Personal information
- Full name: Trần Đình Khương
- Date of birth: 10 January 1996 (age 30)
- Place of birth: Khánh Sơn, Khánh Hòa, Vietnam
- Height: 1.80 m (5 ft 11 in)
- Positions: Defensive midfielder; centre back;

Team information
- Current team: Becamex Bình Dương
- Number: 21

Youth career
- 2013–2015: Sanna Khánh Hòa BVN

Senior career*
- Years: Team / Apps / (Gls)
- 2015–2020: Sanna Khánh Hòa BVN / 80 / (1)
- 2020–2022: Hồ Chí Minh City / 37 / (0)
- 2023–: Becamex Bình Dương / 65 / (0)

International career^{‡}
- 2017–2018: Vietnam / 2 / (0)

= Trần Đình Khương =

Vietnamese footballer (born 1996)

Trần Đình Khương (born 10 January 1996) is a Vietnamese professional footballer who plays as a defensive midfielder or a centre back for V.League 1 club Becamex Bình Dương and the Vietnam national team.

== Club career ==
Trần Đình Khương came through the youth academy of Sanna Khánh Hòa.

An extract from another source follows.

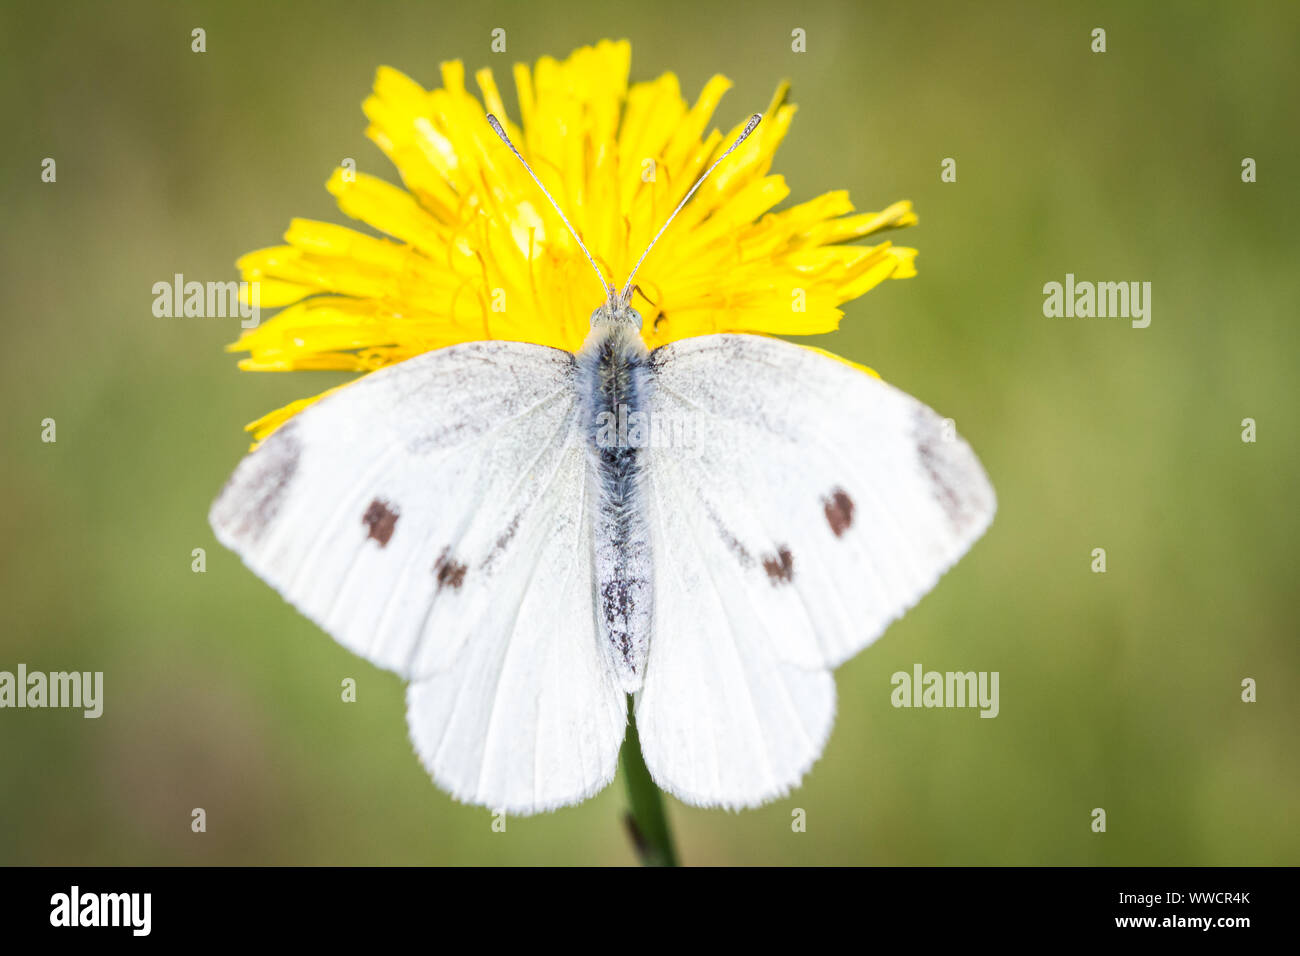 Lépidoptères Pieris brassicae (grand papillon blanc du chou / Schmetterling Großer Kohlweißling) se nourrissant sur une fleur jaune Banque D'Images

In 2017, he was promoted to the first team and made his V.League 1 debut in a match against Sài Gòn FC. In 2019, Tran Dinh Khuong joined Ho Chi Minh City FC. In 4 seasons playing for Ho Chi Minh City FC, he played 83 matches and scored 5 goals.

In December 2022, Tran Dinh Khuong transferred to play for Binh Duong FC, with a contract term of 2 years.

==International career==
Trần was first called up to the Vietnam senior side in March 2017, and made his debut in a friendly against Chinese Taipei.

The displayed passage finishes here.